In one of the many experiments cited in Paul Tough’s new book, Helping Children Succeed, a group of middle school students received this message on a Post-it note, attached to a paper their teachers were handing back.
The message of support and high expectations had a small positive effect on white students.
But for black students, the impact was massive. Seventy two percent who saw that single sentence voluntarily revised their papers, compared with just 17 percent who received a generic message about feedback. And not only did they revise them, they improved their grades.
The implication, Tough says, is not that Post-it notes are some kind of magic bullet. It’s that students who may be — because of their experience with racial stereotypes — “anxious about their ability or their sense of belonging” in school can respond to the right kind of encouragement.
The book is packed with these types of research-based insights into addressing students’ core social and emotional needs.
For the past decade or more Tough has been one of the pre-eminent reporters translating education research for public consumption. His new, slim book is no exception, and it contains some surprises for fans of his previous work.
Your 2012 book How Children Succeed was a New York Times best-seller, and it probably did more than any other single book to get the wider public thinking about the importance of grit and other noncognitive skills. But in this new book you really change the frame to talk about the environments children encounter that can foster or diminish these skills. Can you talk about your evolution on this point?

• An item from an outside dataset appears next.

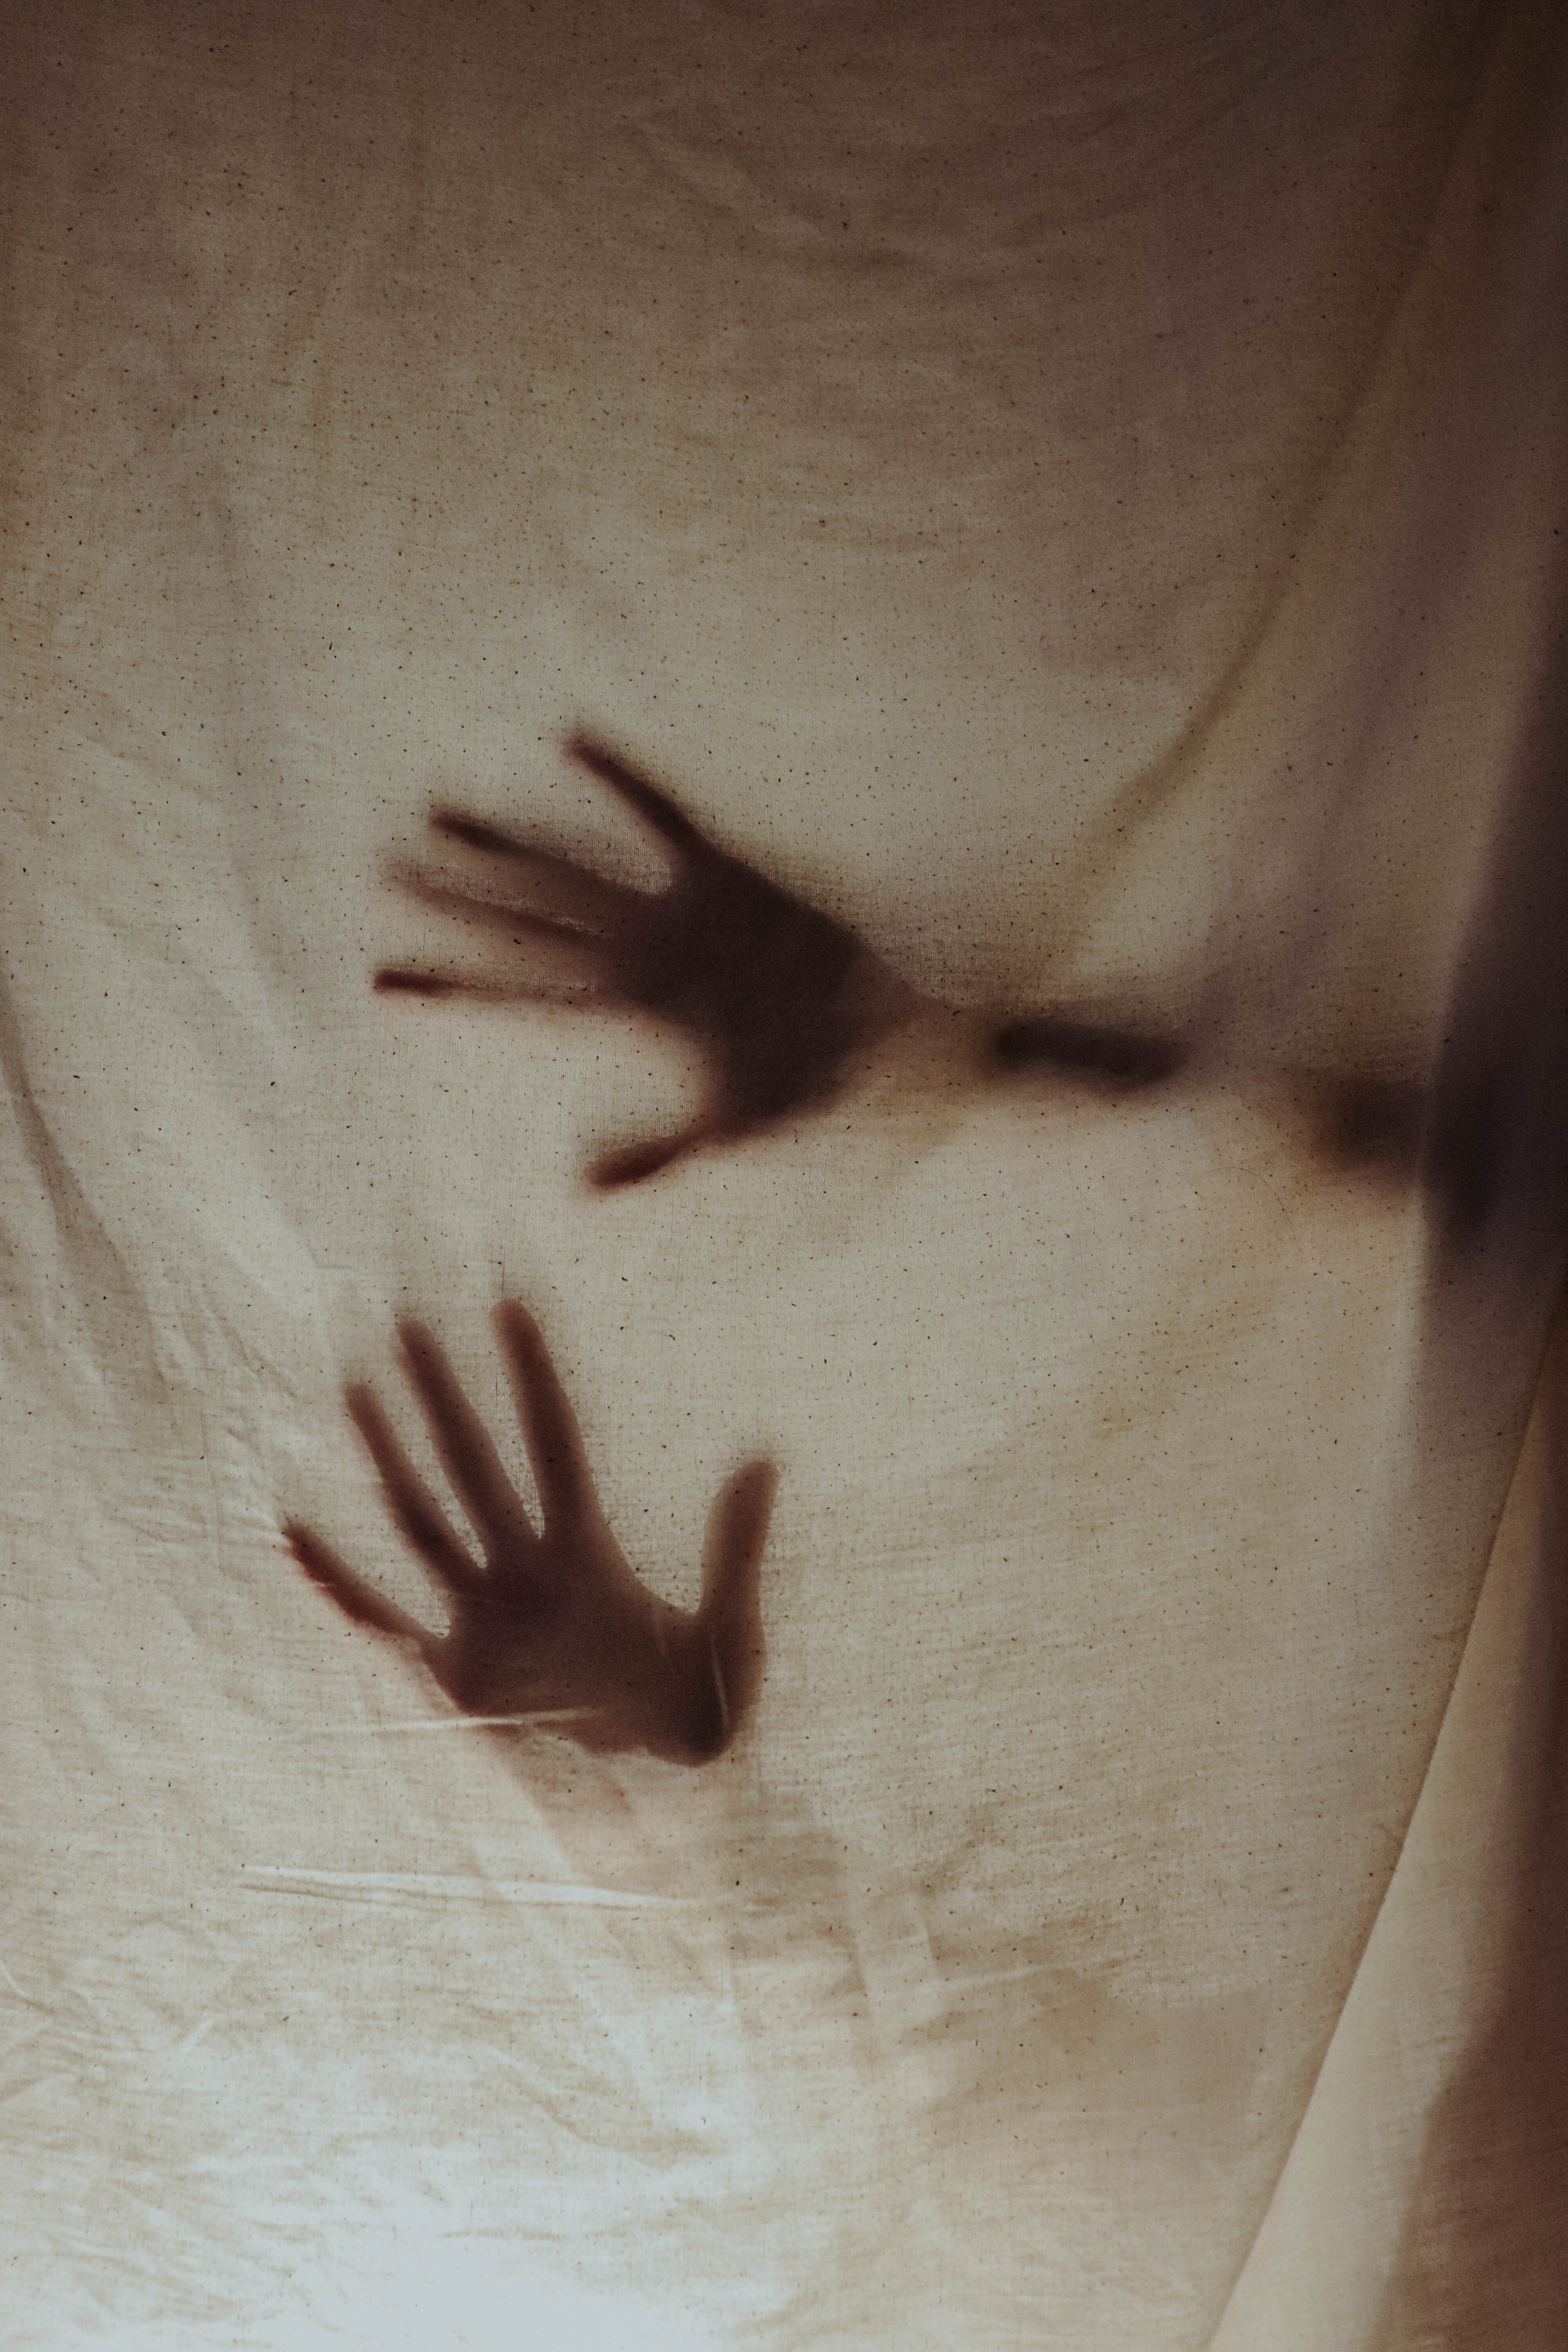 The big kids said they'd seen a ghost in the house. | Source: Unsplash

What I think happened in How Children Succeed is that I and others were responding to all this fascinating and solid research that shows that these noncognitive capacities really matter.
No one really knew that the researchers, who were so clear on the importance of these skills, were absolutely NOT clear on how they’re developed.
It was frustrating for teachers. They didn’t know what to do. And a lot of them responded by trying to use the tools that teachers naturally have, which is to teach, assess, measure, name these skills.
Was that drive to test for noncognitive skills really led by teachers? Because I saw it coming more from policymakers.
You’re right. I do think a lot of it happened on the level of policy.
I think the push towards taking noncognitive skills seriously met up with the push towards holding teachers and schools accountable. And I think that has created some intersections where people are understandably anxious.
And so Angela Duckworth and David Yeager and others have written that the measures they developed experimentally are not ready to be used to evaluate noncognitive skills.
And I would go further to say that whole concept of holding teachers and students accountable for these skills doesn’t make sense and isn’t supported in the research.
Wow. OK. So what are people who care about noncognitive skills supposed to do, if not test for them?
I don’t think that means we have to throw up our hands.
It was only after [How Children Succeed] came out that I felt I wanted to go back and try to figure out, what do we know about how these skills are developed?
And that pushed me towards this quite different understanding of how these emerge. Instead of thinking about how we teach, it makes a lot more sense to think of them as the product of children’s environments both at home and at school.
Let’s talk about the home environment for a minute. The ages zero to 5, and especially zero to 3, are traditionally outside the scope of education policy, and yet you spend a good deal of time talking about them. Why?
There’s this big disconnect in how we think about education in general and this solid body of research that shows how important these early years are. We’ve known for a while that the foundations of reading and math skills, number sense, are laid in early childhood. And it’s becoming really clear that the most important foundations are on this emotional level.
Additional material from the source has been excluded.